When you have small data, it is possible to analyze it with a single computer in a reasonable amount of time. When you have large volumes of data, using a single computer to analyze and process that data (and store it) might be prohibitively slow, or even impossible. This is why we want to use Spark.

Spark has a core library and a set of built-in libraries (SQL, GraphX, Streaming, MLlib), as shown in Figure 1-3. As you can see, through its DataSource API, Spark can interact with many data sources, such as Hadoop, HBase, Amazon S3, Elasticsearch, and MySQL, to mention a few.

This figure shows the real power of Spark: you can use several different languages to write your Spark applications, then use rich libraries to solve assorted big data problems.
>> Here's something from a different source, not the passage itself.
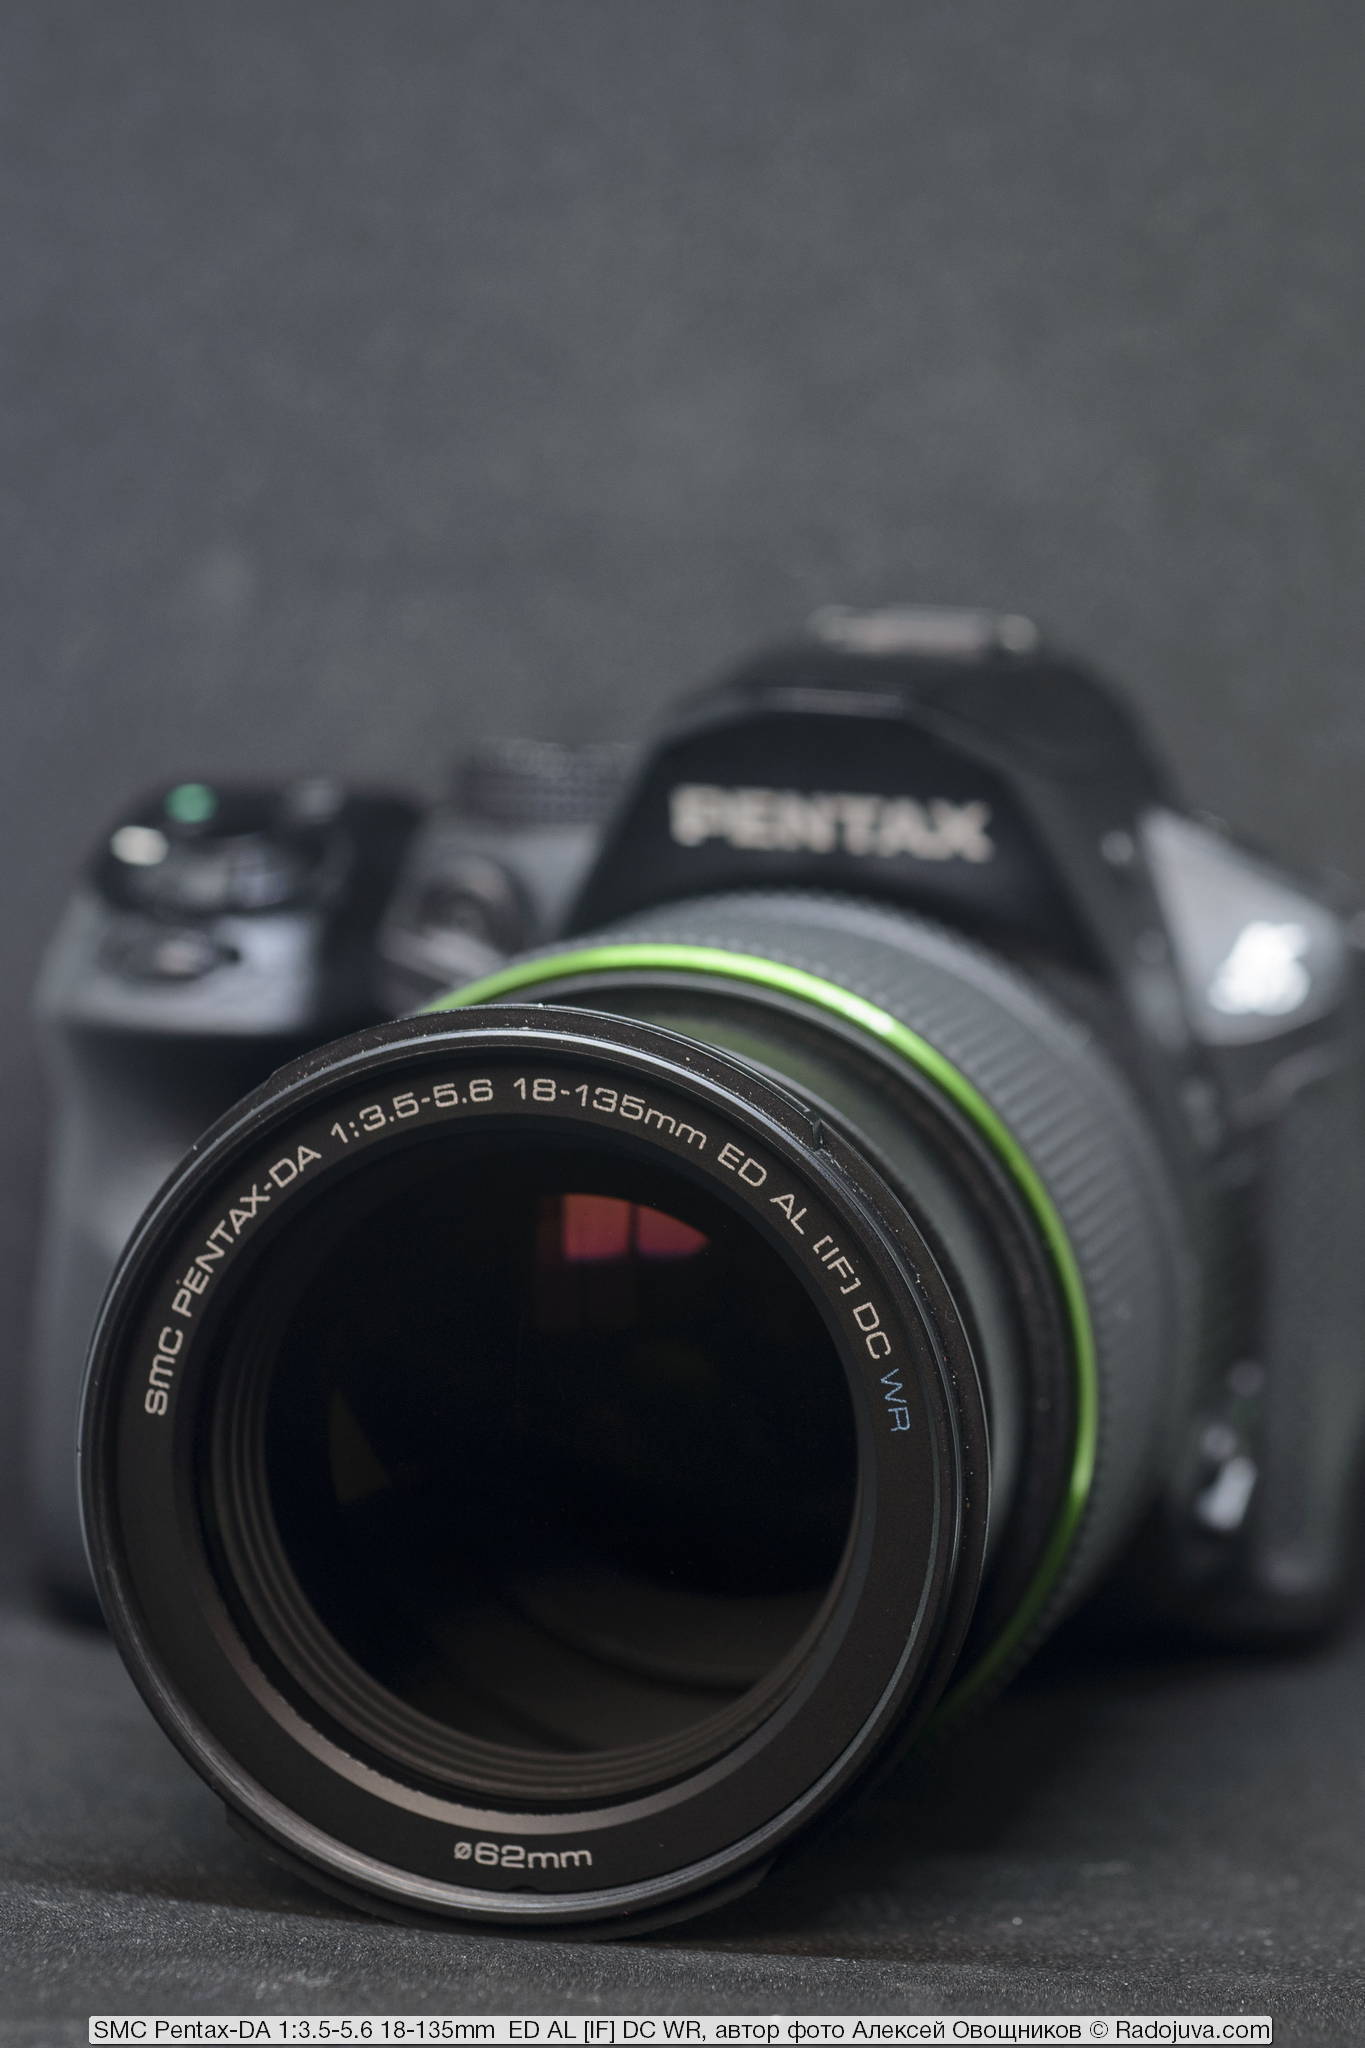 SMC Pentax-DA 1: 3.5-5.6 18-135mm ED AL [IF] DC WR. Review from 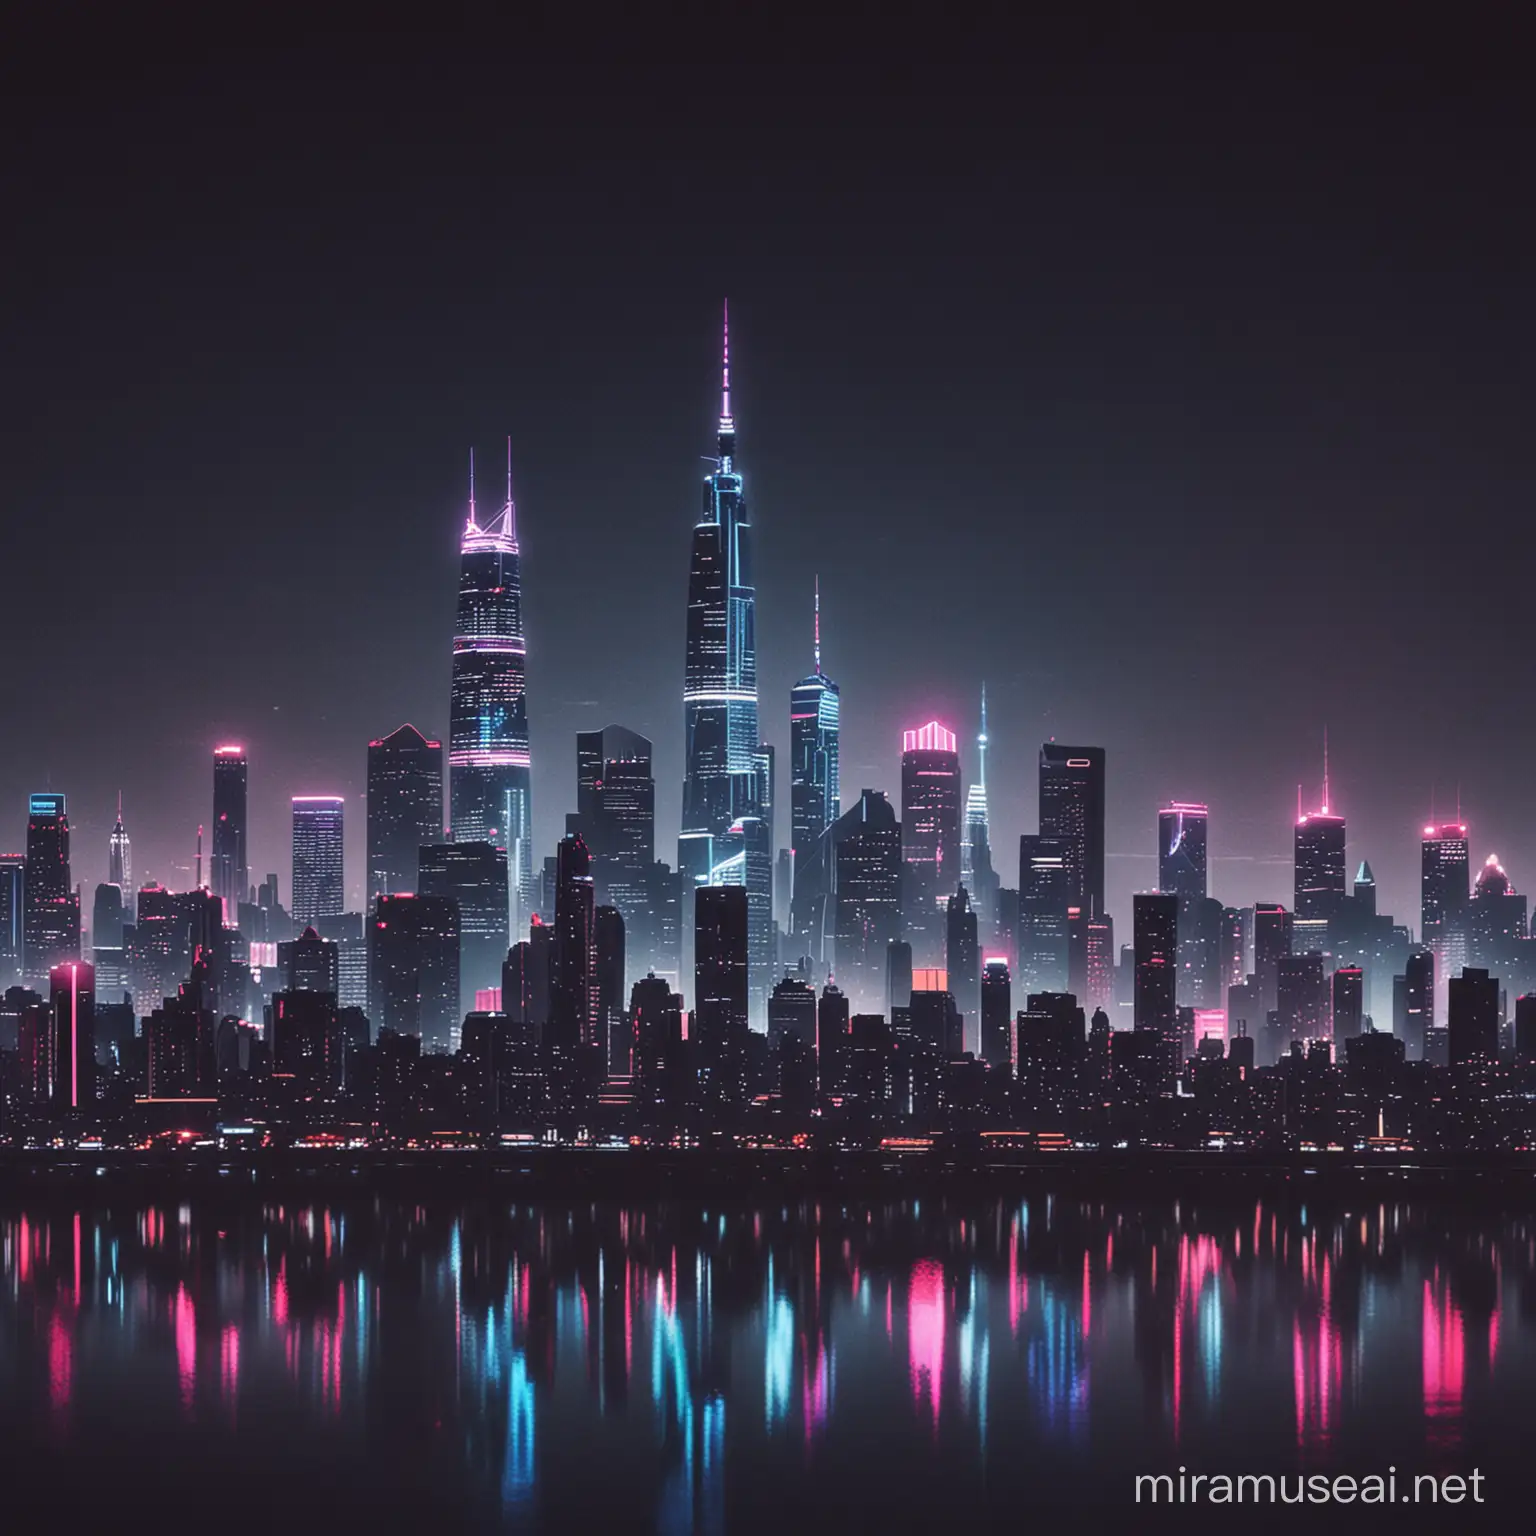 Urban Night Skyline Illuminated by Dynamic Neon Lights

Meanwhile, you can read/write data from a variety of data sources.

Key Terms

To understand Spark’s architecture, you’ll need to understand a few key terms:

SparkSession

The SparkSession class, defined in the pyspark.sql package, is the entry point to programming Spark with the Dataset and DataFrame APIs. In order to do anything useful with a Spark cluster, you first need to create an instance of this class, which gives you access to an instance of SparkContext.

Note

PySpark has a comprehensive API (comprised of packages, modules, classes, and methods) to access the Spark API. It is important to note that all Spark APIs, packages, modules, classes, and methods discussed in this book are PySpark-specific. For example, when I refer to the SparkContext class I am referring to the pyspark.SparkContext Python class, defined in the pyspark package, and when I refer to the SparkSession class, I am referring to the pyspark.sql.SparkSession Python class, defined in the pyspark.sql module.

SparkContext

The SparkContext class, defined in the pyspark package, is the main entry point for Spark functionality. A SparkContext holds a connection to the Spark cluster manager and can be used to create RDDs and broadcast variables in the cluster. When you create an instance of SparkSession, the SparkContext becomes available inside your session as an attribute, SparkSession.sparkContext.

Driver

All Spark applications (including the PySpark shell and standalone Python programs) run as independent sets of processes. These processes are coordinated by a SparkContext in a driver program. To submit a standalone Python program to Spark, you need to write a driver program with the PySpark API (or Java or Scala). This program is in charge of the process of running the main() function of the application and creating the SparkContext. It can also be used to create RDDs and DataFrames.

Worker

In a Spark cluster environment, there are two types of nodes: one (or two, for high availability) master and a set of workers. A worker is any node that can run programs in the cluster. If a process is launched for an application, then this application acquires executors at worker nodes, which are responsible for executing Spark tasks.

Cluster manager

The “master” node is known as the cluster manager. The main function of this node is to manage the cluster environment and the servers that Spark will leverage to execute tasks. The cluster manager allocates resources to each application. Spark supports five types of cluster managers, depending on where it’s running:

Standalone (Spark’s own built-in clustered environment)
Mesos (a distributed systems kernel)
Hadoop YARN
Kubernetes
Amazon EC2

Note

While use of master/worker terminology is outmoded and being retired in many software contexts, it is still part of the functionality of Apache Spark, which is why I use this terminology in this book.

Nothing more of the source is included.